3. Only one goalie in the league has played more than 2,000 minutes, has a goals against average over 3.00, and has a save percentage under .905: Cam Ward (2,250, 3.09, .902).

4. Eric Staal is 2-1-3 in the two games against the Caps so far this season. He also has been on the ice for five of the nine goals Washington scored in the two games (four of the six even strength goals). Perhaps he can take solace in the fact that Jamie McBain was on the ice for four of the five goals scored by Washington in the 5-1 Caps win in November. But there is this, too.

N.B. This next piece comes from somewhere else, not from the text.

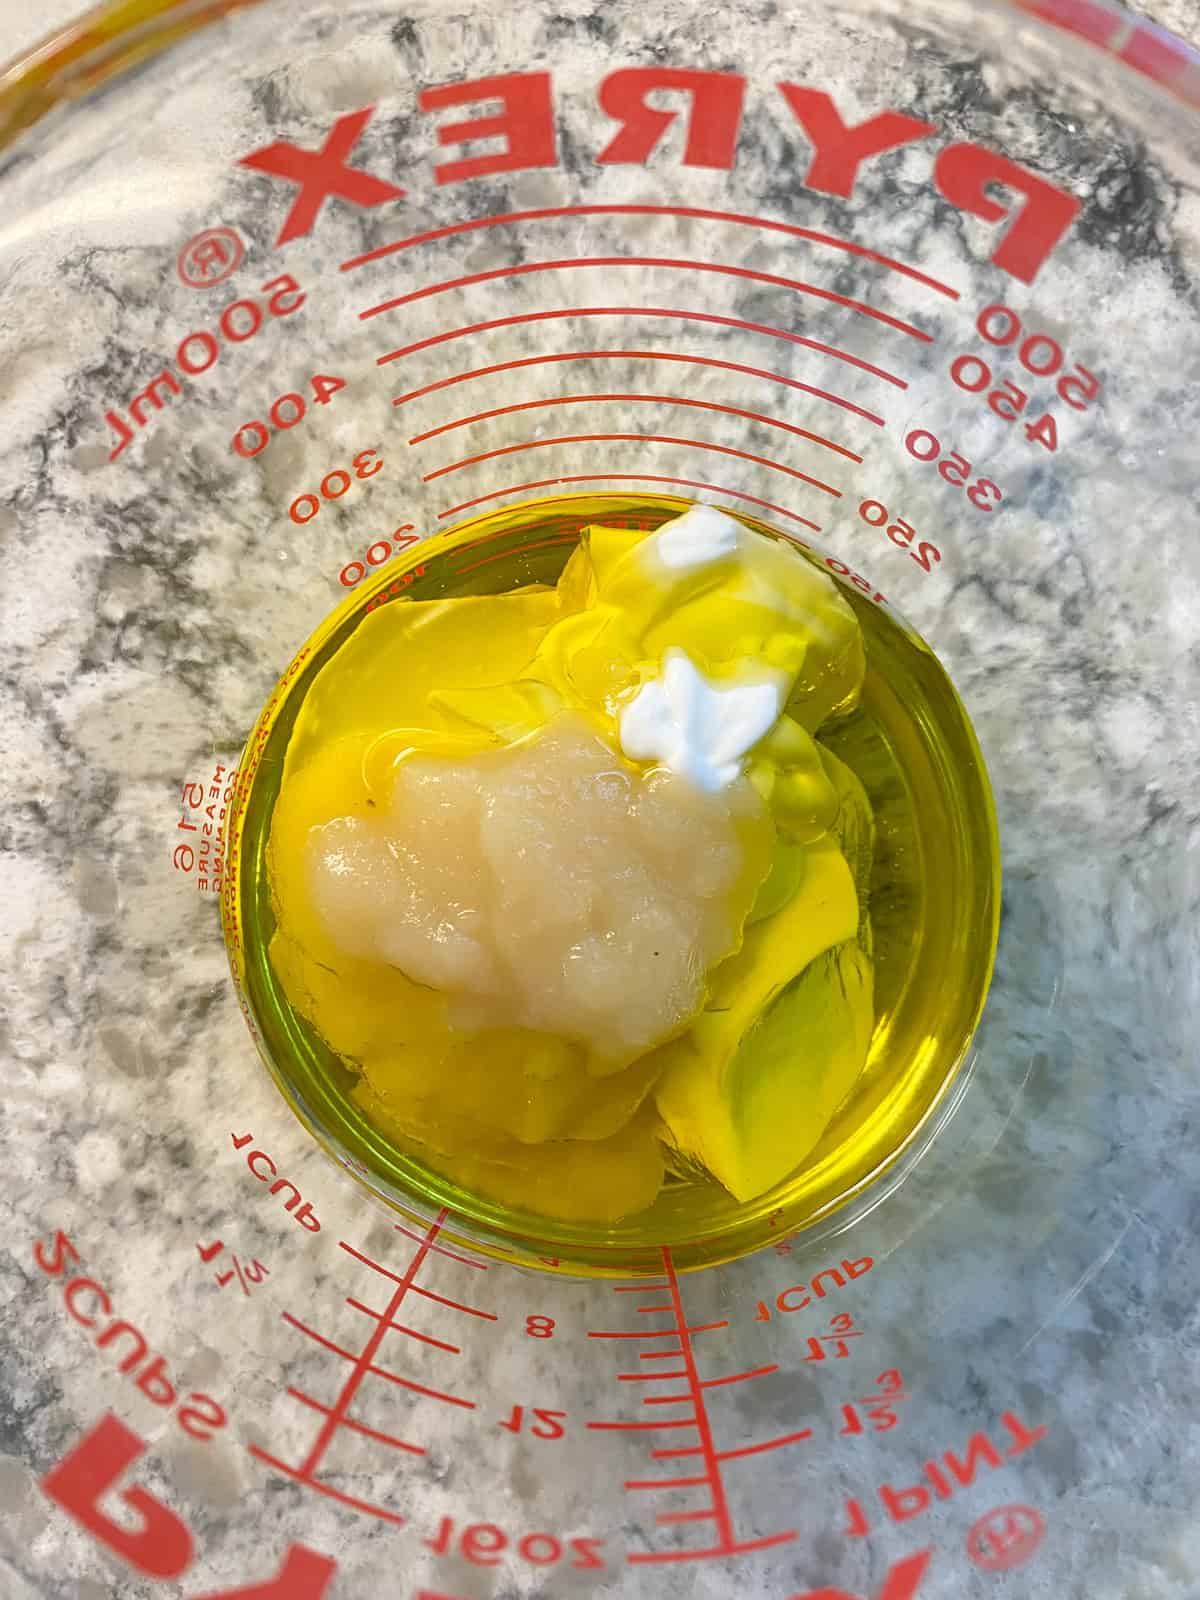 Wet ingredients in a glass liquid measuring cup.
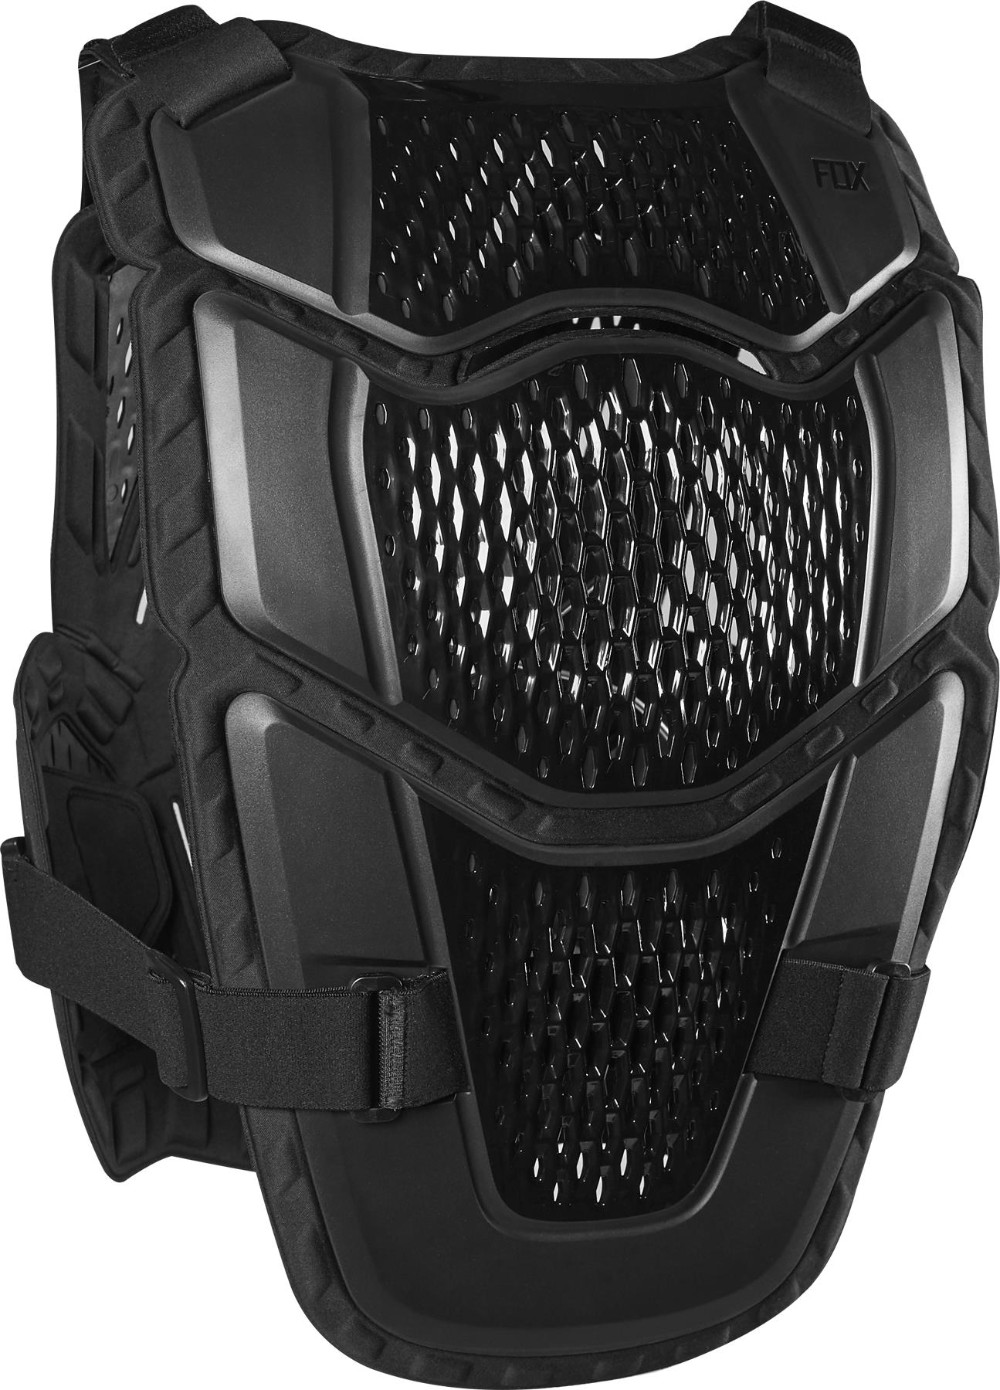 Raceframe Impact MTB Chest Guard image 1

Only seven of 813 skaters having dressed so far this season have a worse plus-minus on the road than Staal (minus-12), and he is last overall (minus-21).

5. Carolina has allowed more third period goals than any team in the league – 65. Their allowing 1.41 goals per game in the third period is not too far off Tuukka Rask’s league leading 1.59 goals against per 60 minutes for Boston.

1. Only two teams in the league have allowed fewer goals on the power play at home than the seven allowed by the Caps (Pittsburgh, New Jersey).

2. The Caps have played only two games against the Hurricanes so far this season, but they have points from 15 different skaters in the two wins. And, the nine goals they have in the two games come from nine different players.

3. You probably would not be surprised to know that Nicklas Backstrom is tied for the team lead with 14 even strength assists. You might be surprised to know that the player with whom he is tied is John Carlson.

4. The Caps have done a pretty good job of spreading around penalty killing responsibilities. Through 42 games, the Caps are averaging 5:38 in shorthanded ice time per game. No Cap is averaging more than half that amount (Karl Alzner leads with 2:39), only four Caps average more than two minutes, and 14 different players (including six defensemen) are averaging at least 45 seconds.

5. Troy Brouwer was displaying a certain efficiency in shooting before his hat trick against Tampa Bay on Friday. He was 11-for-66 (16.7 percent) going into that game. Three goals on three shots later, and he is the only Caps with a shooting percentage over 20 percent for the season (20.3 percent on 14-for-69 shooting). He ranks seventh in the league in shooting efficiency.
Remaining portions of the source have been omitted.